Determining the First Byte (Recovery ID) of Signatures on Ethereum
As a developer, it is essential to understand how Ethereum works with signatures and private keys. In this article, we will explore the process of determining the first byte (recovery ID) for signatures in Ethereum.
What is a signature?
A signature on the blockchain is a digital representation of a message that confirms its origin and ownership. It consists of three parts: the signature, the data being signed, and the public key associated with it.
How are signatures created and returned?
When a node (such as a miner) wants to verify the authenticity of a transaction or message, it uses the signature to ensure that the sender has control over the data. The process involves:
- Generating a private key (P)
- Using the private key to create a digital signature using the recipient’s public key (K)
- Storing the digital signature in a database
When someone wants to sign a message, they use their own private key to create a digital signature and send it along with the message. The first byte of this signature is called the
Recovery ID.
Recovery ID Formula
To determine the recovery ID, we need to understand how the algorithm works:
- Start with the sender’s public key (K)
- Add the transaction data (including the message and other relevant information)
- Hash the concatenated data using a cryptographic hash function (e.g., SHA-256 or Keccak-256)

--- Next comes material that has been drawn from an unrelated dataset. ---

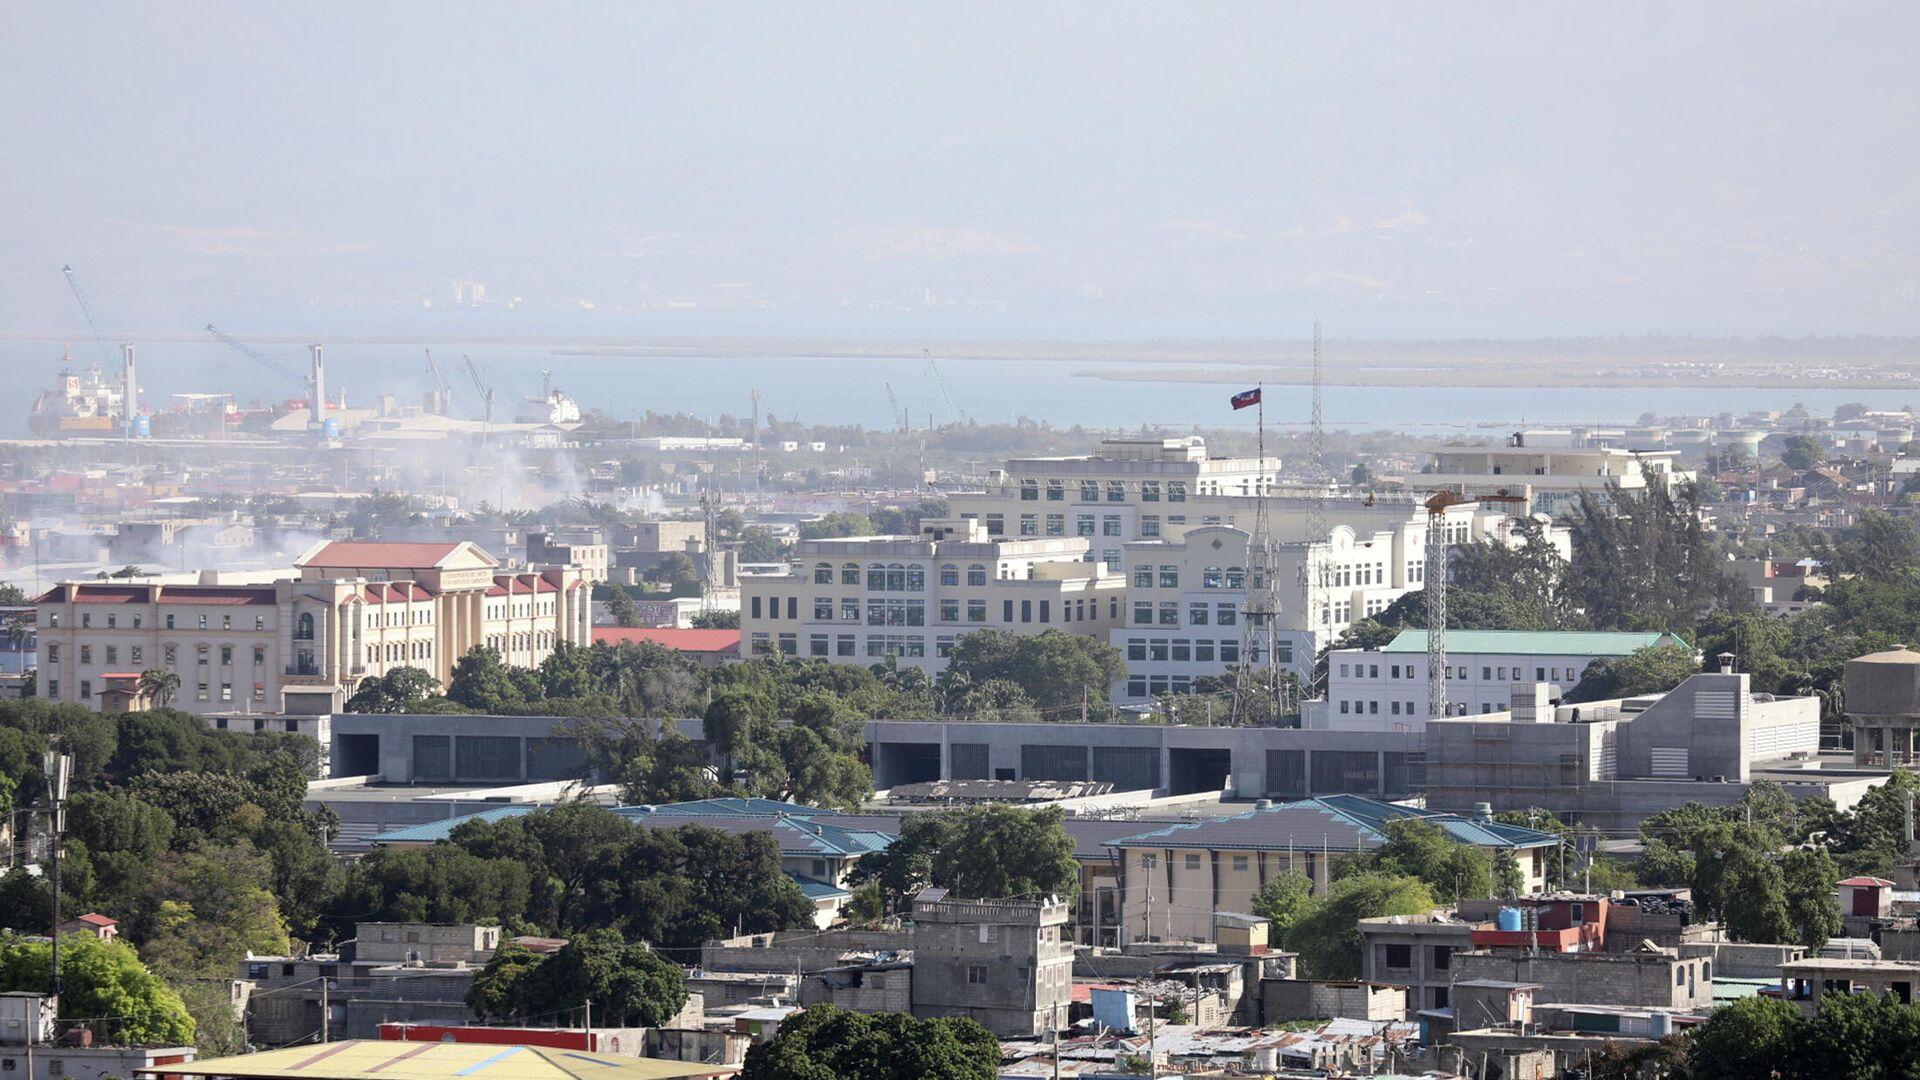 Palacio presidencial en Puerto Príncipe, Haití - Sputnik Mundo, 1920, 07.07.2021

The resulting hash is then used as input to the
Keccak-256 digital signature scheme.
To recover the sender’s private key, we need to follow these steps:
- Extract the first byte of the recovered signature
- Use this byte to calculate a public key (K_prime) using the formula:
K_prime = K * pow(K^(-1), hash digest)
- Combine the extracted private key and the calculated public key to obtain the sender’s private key (P)
Example for presentation
Let’s assume we have a transaction that includes the following data:
Message: « Hello, world! »
Sender’s public key: K = 0x1234567890abcdef
The hash of the concatenated data is generated as follows:
Transaction data: message + sender_data
Digest hash: 0x1234567890abcdef
Using the Keccak-256 digital signature scheme, we obtain a recovered signature with a first octet (the Recovery ID).
Recovering the sender’s private key involves calculating the public key using the formula above.
Conclusion
Determining the first octet (Recovery ID) of signatures on Ethereum is a critical step in verifying message authenticity. By understanding how this process works, developers can build robust cryptographic algorithms and applications that rely on digital signatures. This article provides a comprehensive overview of the Recovery ID formula and its implementation on Ethereum.